Clinical implications

The initial observation above is linked to the RALES treatment strategy and to the reported favorable outcomes. This has important clinical implications. Patients with significant congestive heart failure (NYHA class III and IV) should likely receive spironolactone in addition to an ACE inhibitor, loop diuretic, and digoxin. Dosing strategies should follow the scheme developed in RALES. If plasma potassium is less than or equal to 5.0 mmol/L and serum creatinine is less than 0.22 mmol/L, then 25 mg/day spironolactone should be tried. Low doses are reasonable, as the frequency of hyperkalemia and azotemia in the trial increased with spironolactone doses above 50 mg/day. The problem of gynecomastia and breast tenderness is likely to be resolved with development of aldosterone antagonists with greater receptor specificity.

It should also be stressed that the RALES study focused on systolic left ventricular dysfunction; patients were required to have a left ventricular ejection fraction of 35% or less. Though spironolactone may theoretically provide benefit in patients with diastolic dysfunction and myocardial fibrosis, it would be speculative to recommend spironolactone to these patients today. Rather, one should consider prescribing spironolactone for symptomatic congestive heart failure patients having left ventricular systolic dysfunction with a baseline ACE inhibitor and loop diuretic already in place. Stable patients should also be considered candidates for beta blocker therapy.

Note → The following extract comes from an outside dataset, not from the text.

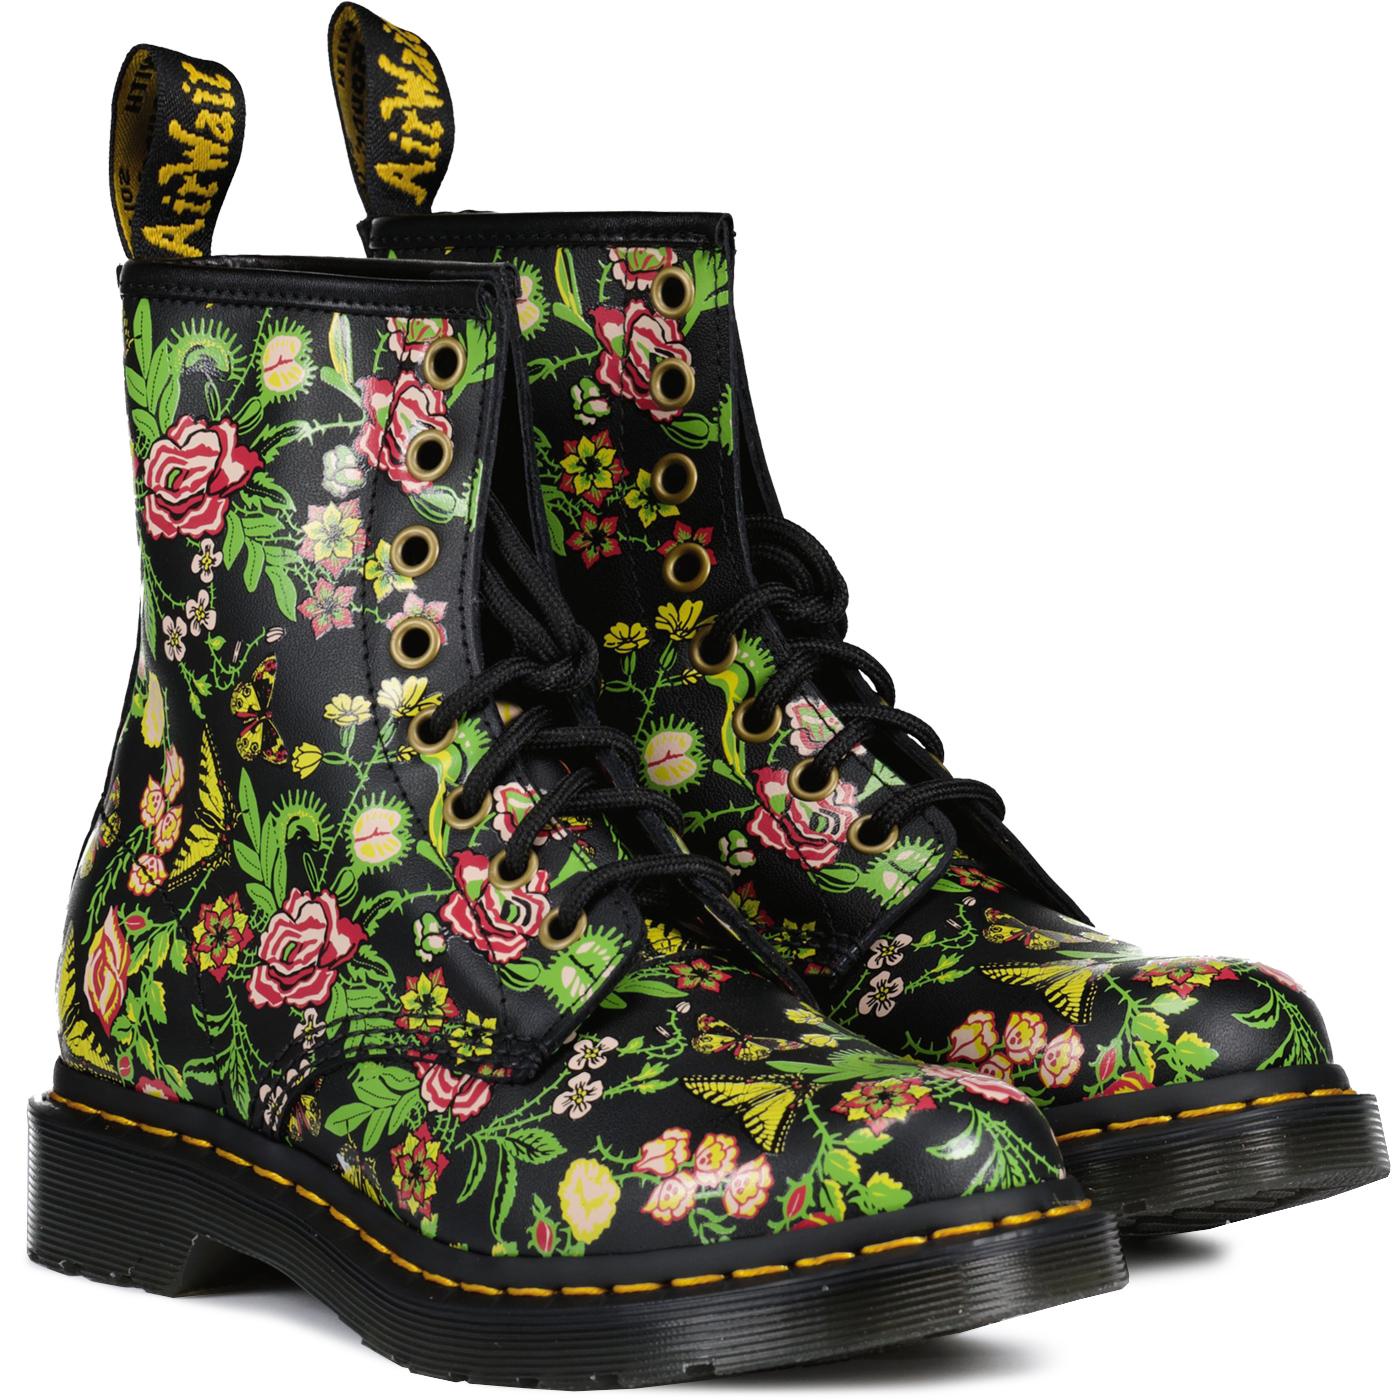 DR MARTENS 1460 Floral Bloom Retro Boots in Black

Although such drug regimes are coming into focus for stable CHF patients, to date little information supports the use of beta blockers in unstable congested patients. Thus their prescription for NYHA class IV congestive heart failure patients remains contentious.

Future drug treatments in CHF

Agents specifically designed to block aldosterone in the heart failure setting will have to be evaluated in conjunction with other strategies in the future. Indeed, studies with endothelin antagonists, ACE and endopeptidase inhibitors, the combination of ACE inhibitors and angiotensin receptor blockers, and agents that attack inflammatory perturbation are all ongoing. Unfortunately, a simplified pharmacologic approach to treating patients with heart failure is unlikely without identifying more objective markers of therapeutic response, a key to choosing among the different emerging strategies.